Task directions ->
Return the listing verbatim, images left out.

Recorded information ->
+ + + +

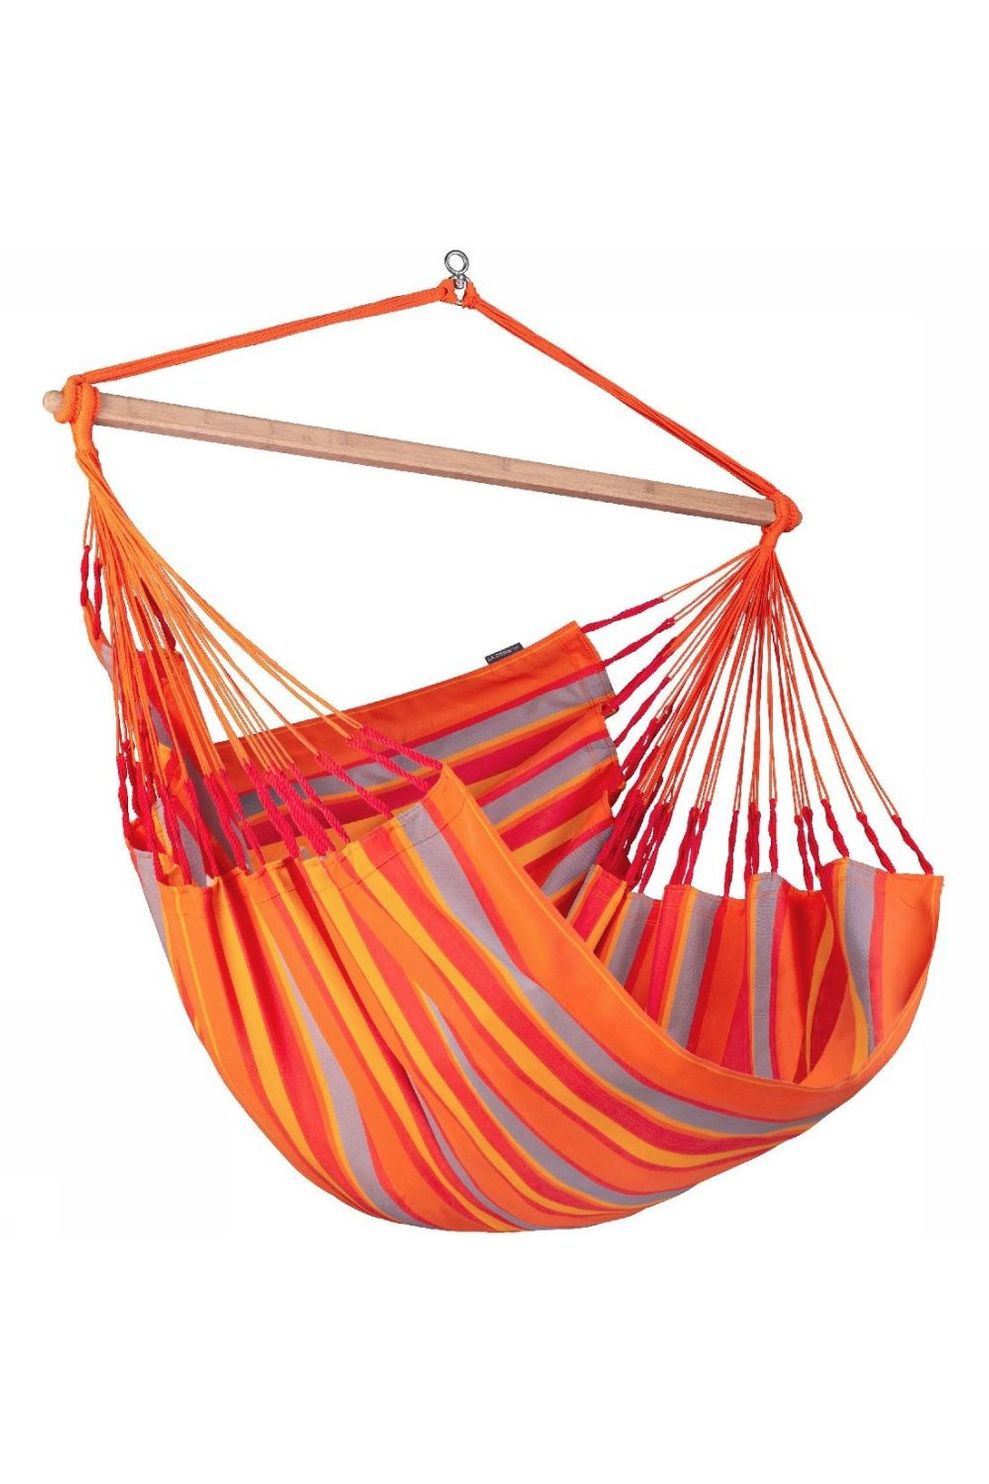 La Siesta Hangmat Domingo Lounger Chair - Rood/Oranje
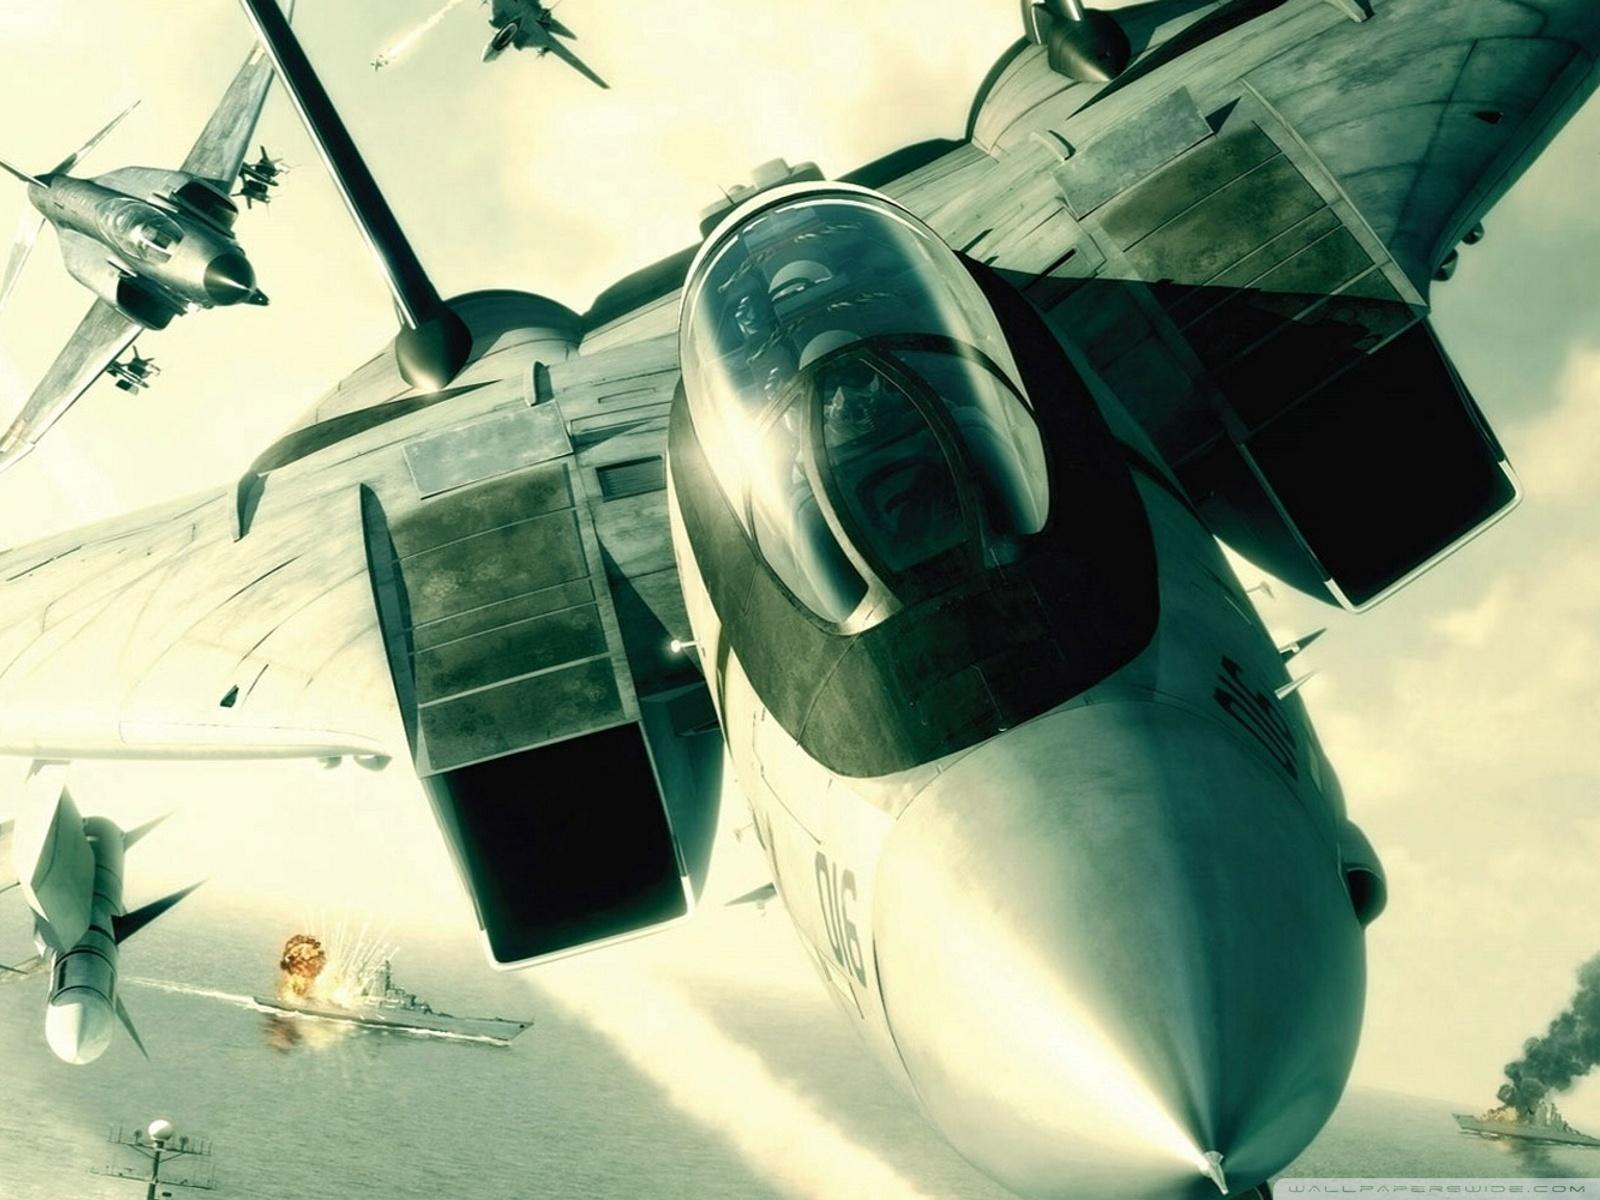 Ace Combat HD wallpaper 1600x1200   Fondo hd 1764 1600x1200
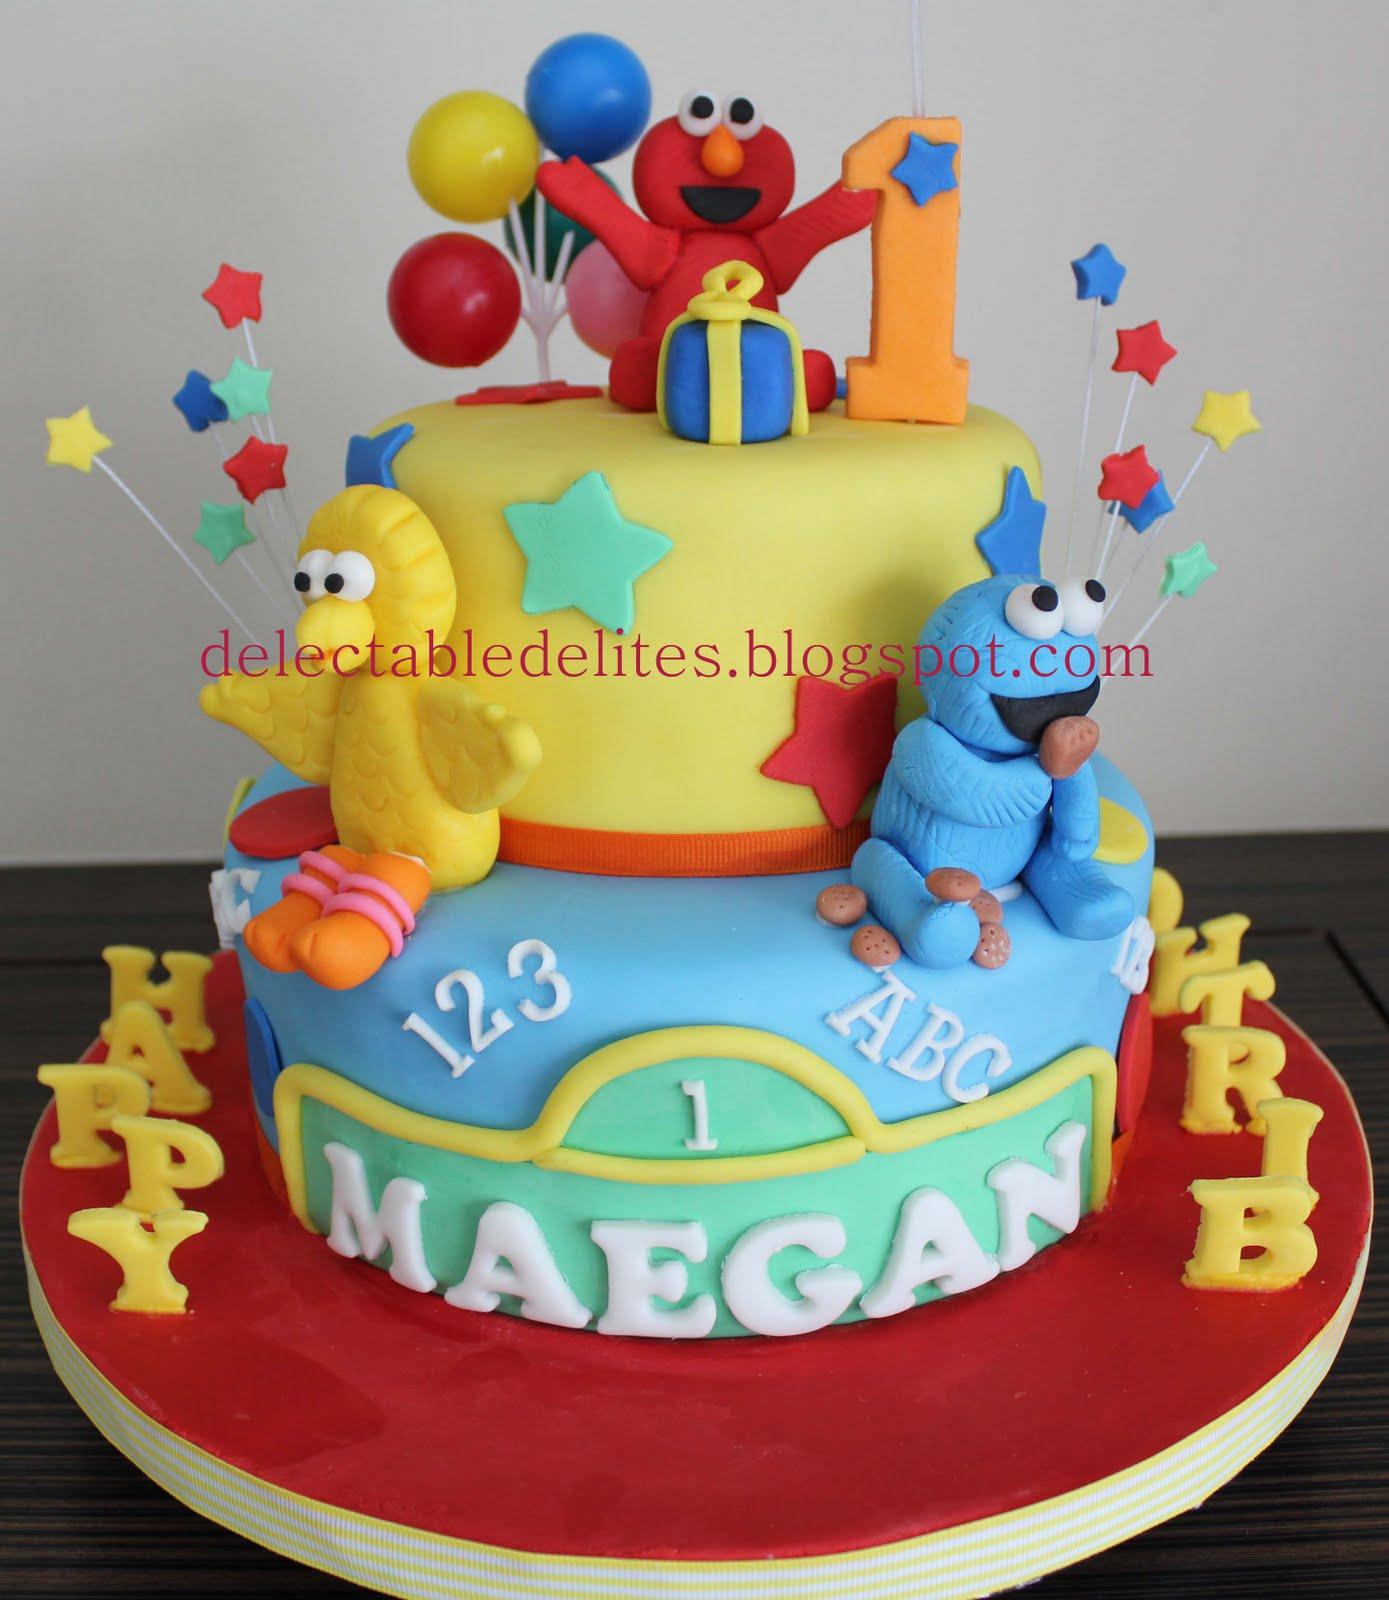 Delectable Delites Sesame Street theme cake for Maegan

+ + + +

Task answer ->
 La Siesta Hangmat Domingo Lounger Chair - Rood/Oranje
 Ace Combat HD wallpaper 1600x1200   Fondo hd 1764 1600x1200
 Delectable Delites Sesame Street theme cake for Maegan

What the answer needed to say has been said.